Also, with regard to China, Schacht was convinced of the importance of trade with China and was just about to develop it on a large scale, when Hitler, by showing preference to Japan and recalling the German advisers to Chiang Kai-Shek, again destroyed all Schacht’s plans. Schacht saw that this was a fatal mistake and said that Japan would never be able nor willing to compensate us for the loss of trade with China.
Also Schacht always advocated close co-operation with the United States, with England, and with France. Schacht admired Roosevelt and was proud of the fact that Roosevelt, through the diplomat Cockerill, kept in constant touch with him. Schacht was convinced of the necessity of remaining on the best terms with England and France and for that very reason he disapproved of Ribbentrop being sent to London and actively opposed this plan.
Schacht was against Hitler’s policy towards Italy. He knew that Mussolini did not want to have anything to do with us, and he considered him the most unreliable and the weakest partner.
With regard to Austria, I know only that Schacht thought highly of Dollfuss and was horrified and shocked when he heard of his murder. Also after the occupation of Austria, he disapproved of much that happened there.
May I, in this connection, say a word about Schacht’s colonial policy, which was a sort of hobby of Schacht’s, and about which he once gave a lecture? I can best illustrate Schacht’s views by telling you about the orders which he gave me.

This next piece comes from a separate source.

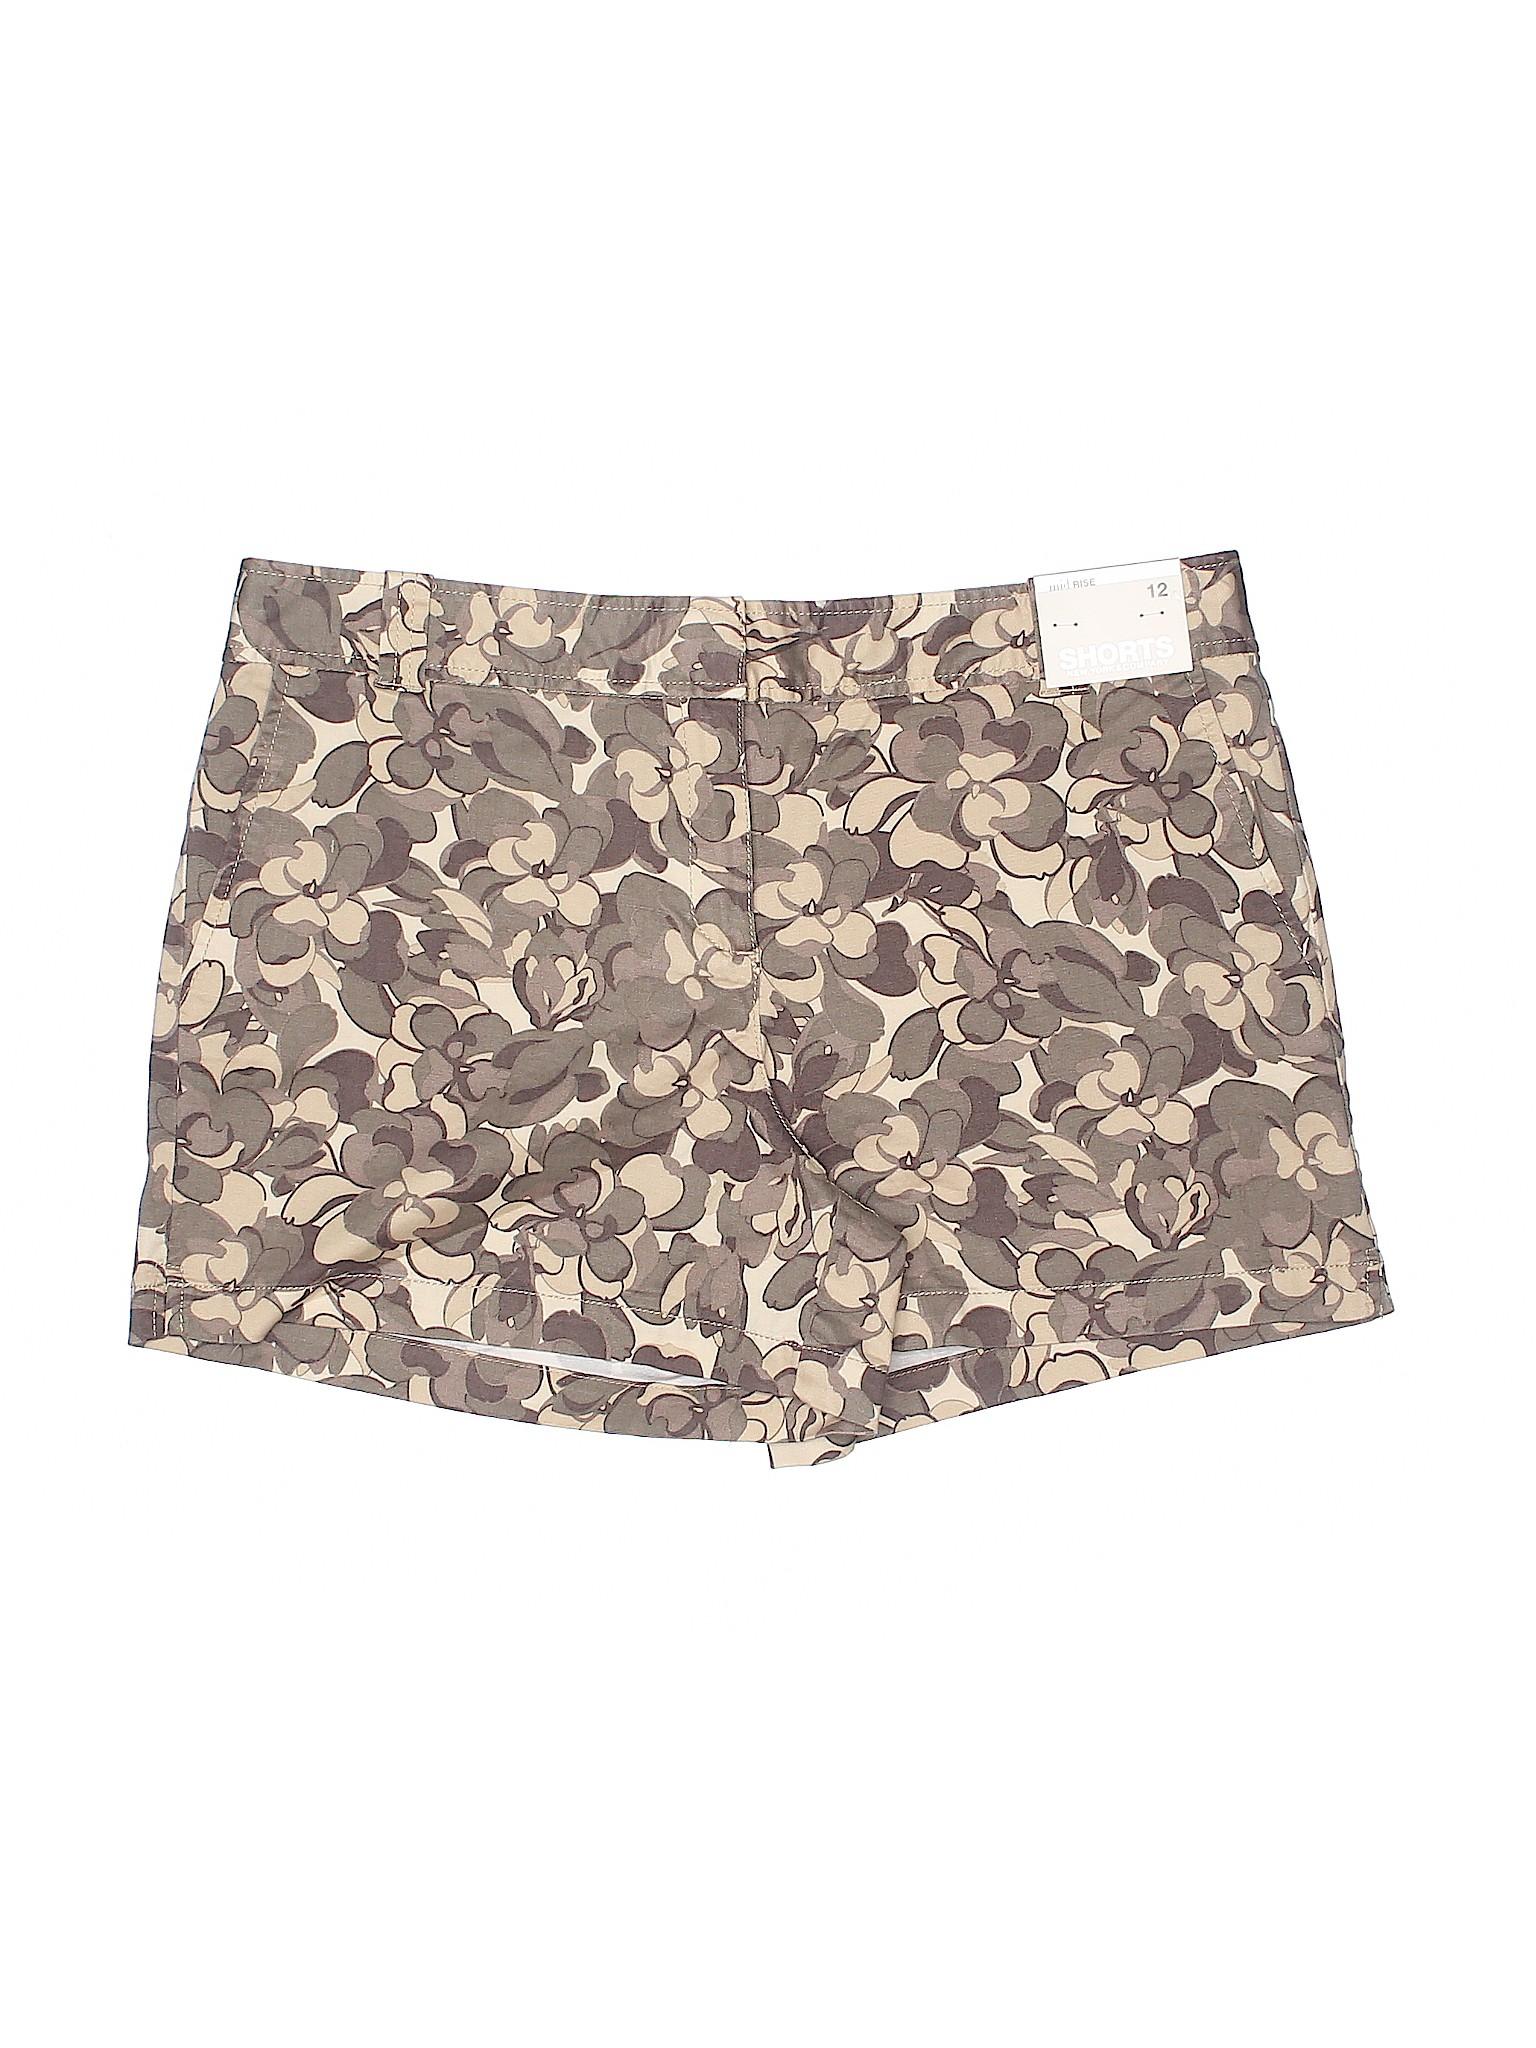 Khaki Boutique Company York leisure amp; Shorts New 66wXfqST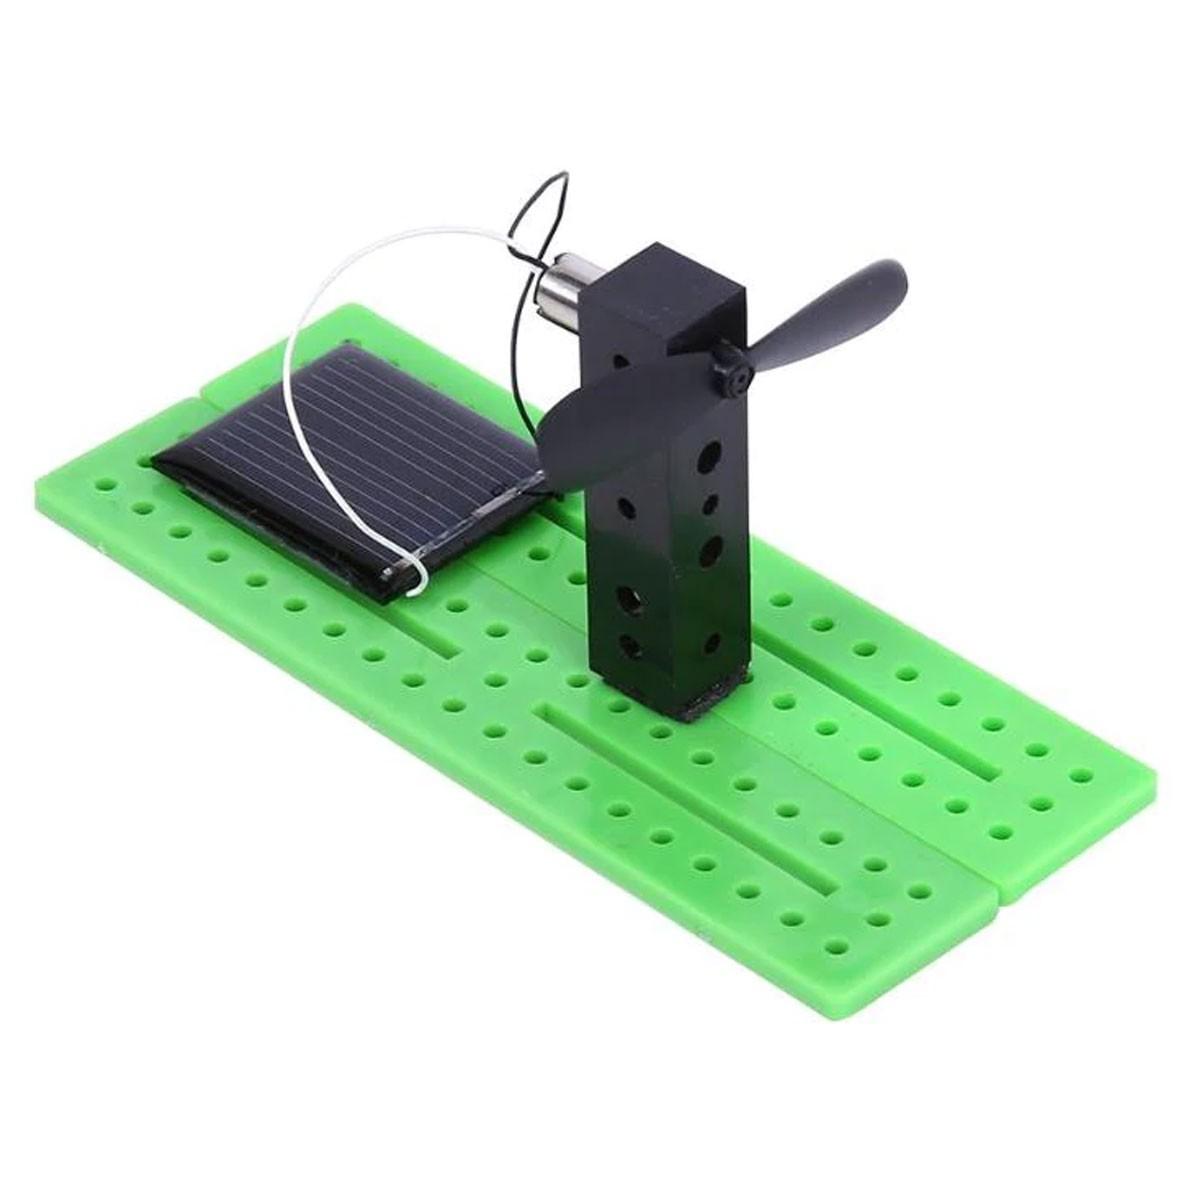 Kit Montagem Brinquedo Solar: Torre / Mini Ventilador movido a energia solar

Schacht’s idea was to make an arrangement with England, France, et cetera, whereby these powers should purchase part of the Portuguese colony of Angola and transfer it to Germany, who would not exercise any sovereign rights, but would exploit it economically; and he had experts’ opinions...
THE PRESIDENT: Dr. Dix, the Tribunal thinks that this is being given in far too great length.
DR. DIX: Well, we can leave out the individual examples. The late Field Marshal Von Blomberg made a statement to the effect that the Reichsbank received every year from the Reichswehr Ministry a written communication about the state of the armaments. Do you, who were a member of the Directorate, know anything about this communication?
VOCKE: No, I have never heard anything about it.
DR. DIX: From the whole of your experience in the Reichsbank and your experience with Schacht’s attitude to his colleagues, do you consider it possible that Schacht personally received that information, but did not pass it on to any of his colleagues in the Reichsbank Directorate?
VOCKE: It may be, but I consider it highly improbable.
DR. DIX: Now, when did Schacht start to try to stop the financing of armaments and thereby check rearmament; and, if he did try, and if you can affirm it, what were his reasons?
VOCKE: Schacht made the first attempts to limit armaments, I believe, about 1936, when economy was running at top speed and further armament seemed an endless spiral. The Reichsbank was blocked and, I believe, in 1936, Schacht himself started making serious attempts to put an end to armaments.
DR. DIX: And do you know from your own experience what these attempts were?
VOCKE: These attempts continued throughout the following years: First, Schacht tried to influence Hitler and that proved to be in vain. His influence decreased as soon as he made any such attempt. He tried to find allies in the civic ministries, and also among the generals. He also tried to win over Göring, and he thought he had won him over, but it did not work. Schacht then put up a fight and at last he succeeded in stopping the Reichsbank credits for armaments. That was achieved at the beginning of March 1938. But that did not mean that he discontinued his efforts to stop rearmament itself, and he continued to use every means, even sabotage.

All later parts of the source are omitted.